Supplied records ::
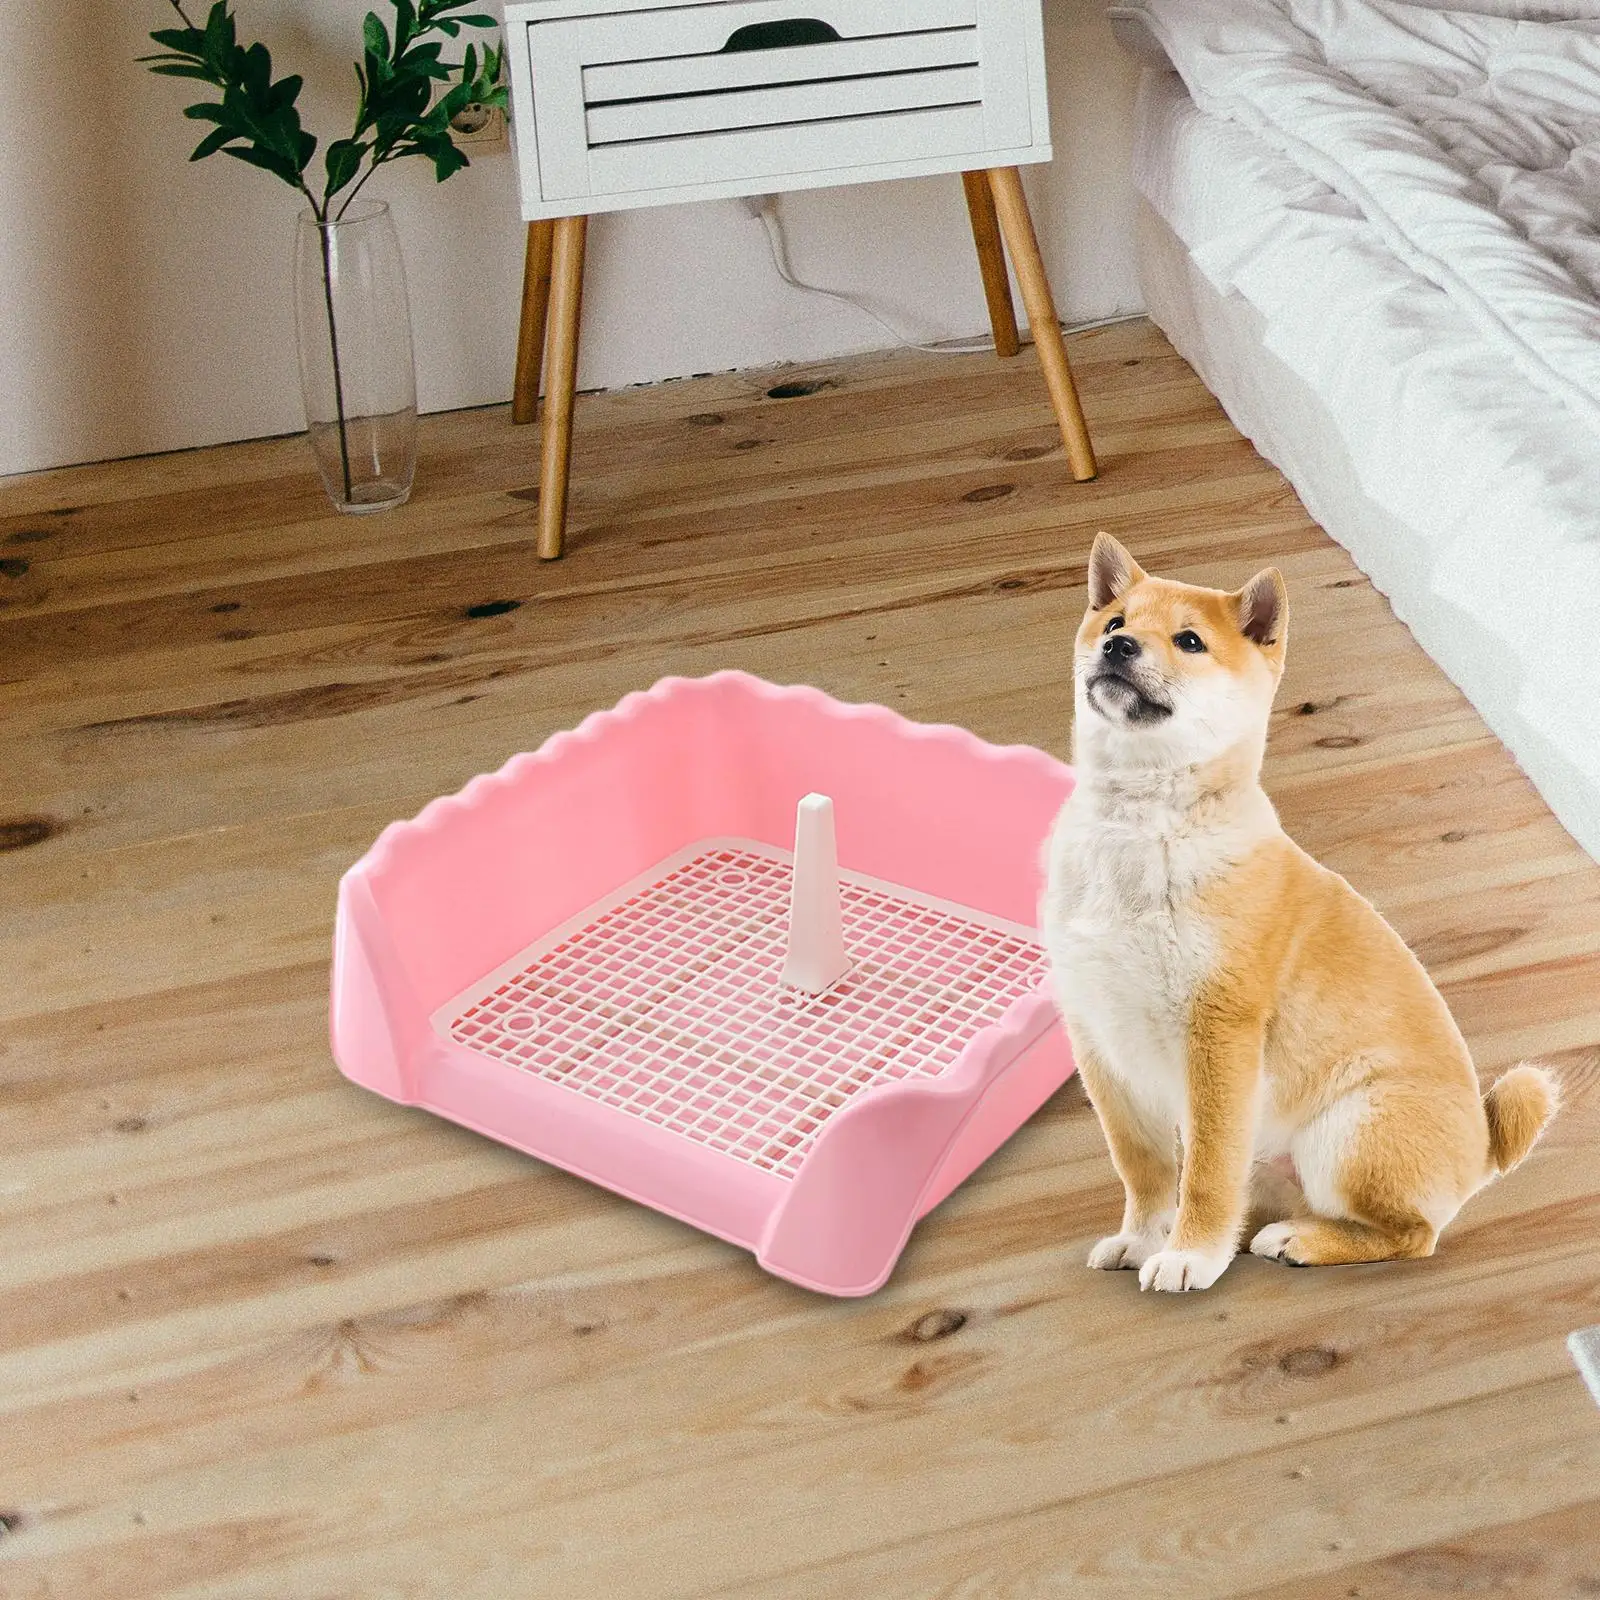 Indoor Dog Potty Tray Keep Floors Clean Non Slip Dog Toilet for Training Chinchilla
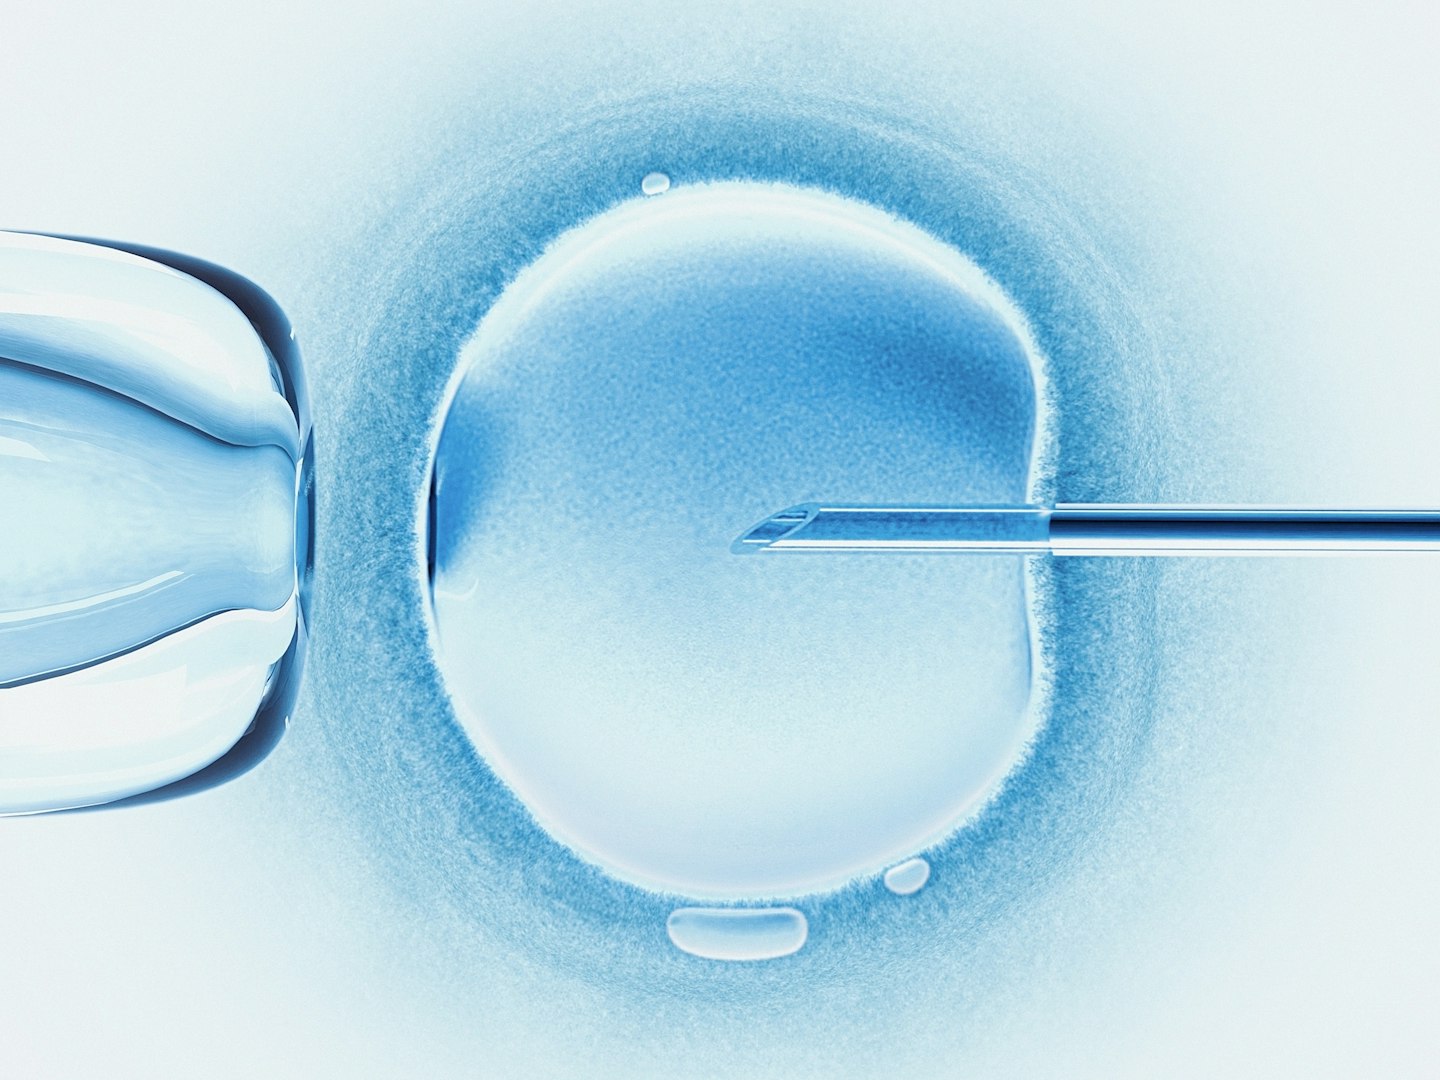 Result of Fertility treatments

* * *

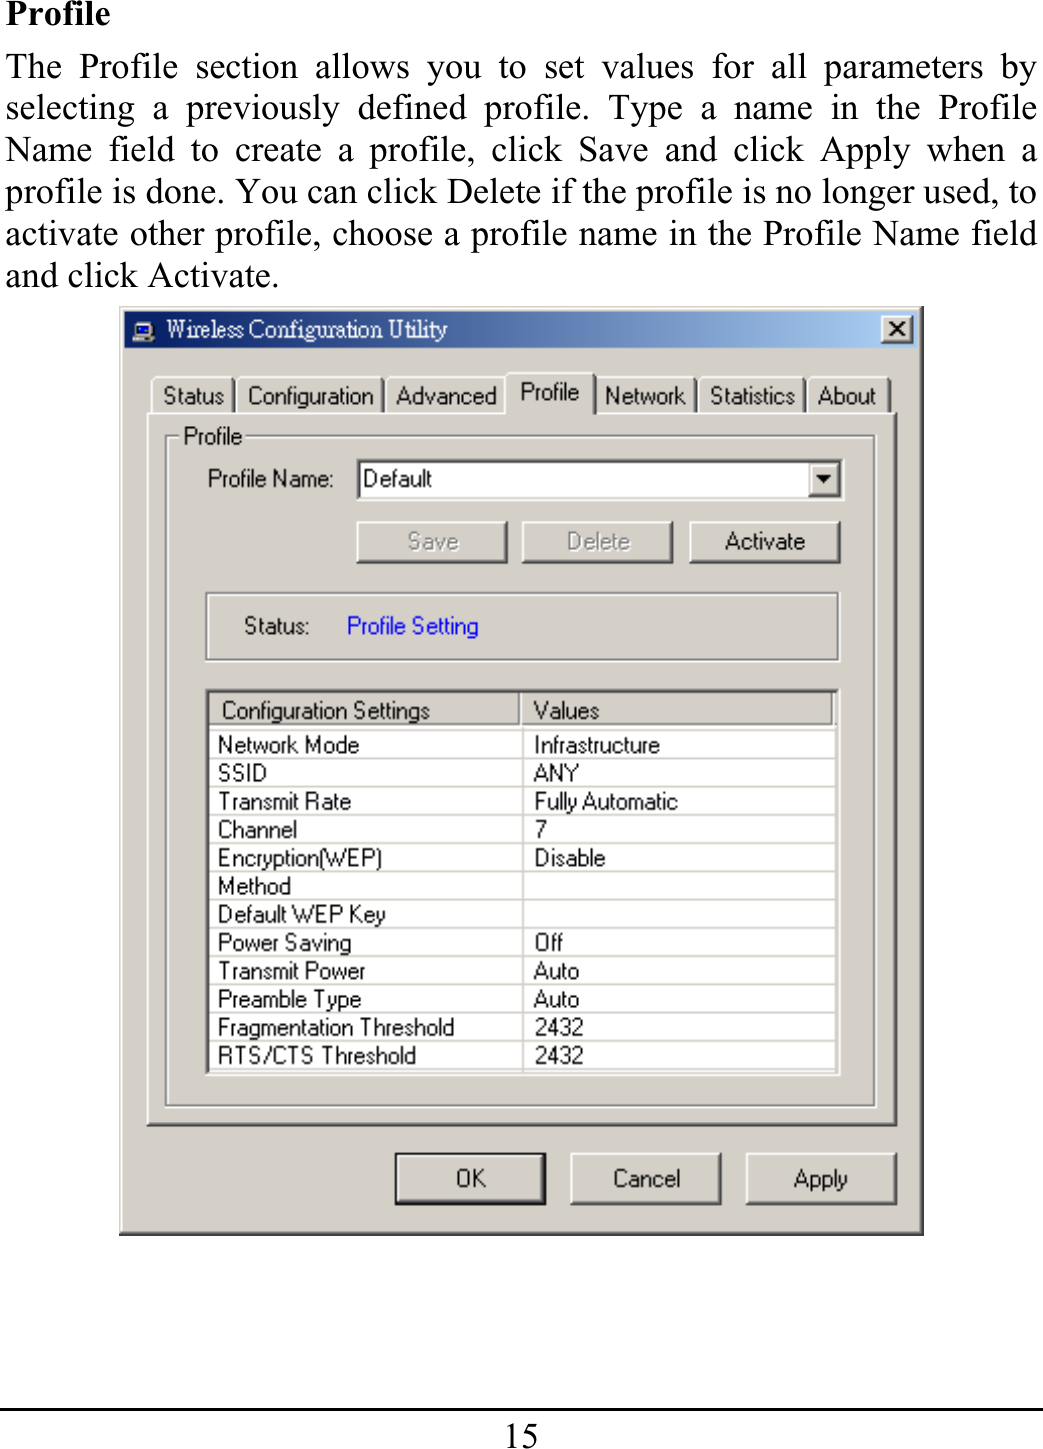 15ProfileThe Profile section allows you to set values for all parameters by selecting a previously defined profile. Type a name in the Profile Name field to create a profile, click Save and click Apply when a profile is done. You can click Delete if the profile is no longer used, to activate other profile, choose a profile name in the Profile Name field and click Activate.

Exercise requirements :: All that should be printed is the run of lines above from the one with "Indoor Dog Potty" through the one with "Result of Fertility treatments", both included, exactly as given, with pictures left out.

Response area ::
 Indoor Dog Potty Tray Keep Floors Clean Non Slip Dog Toilet for Training Chinchilla
 Result of Fertility treatments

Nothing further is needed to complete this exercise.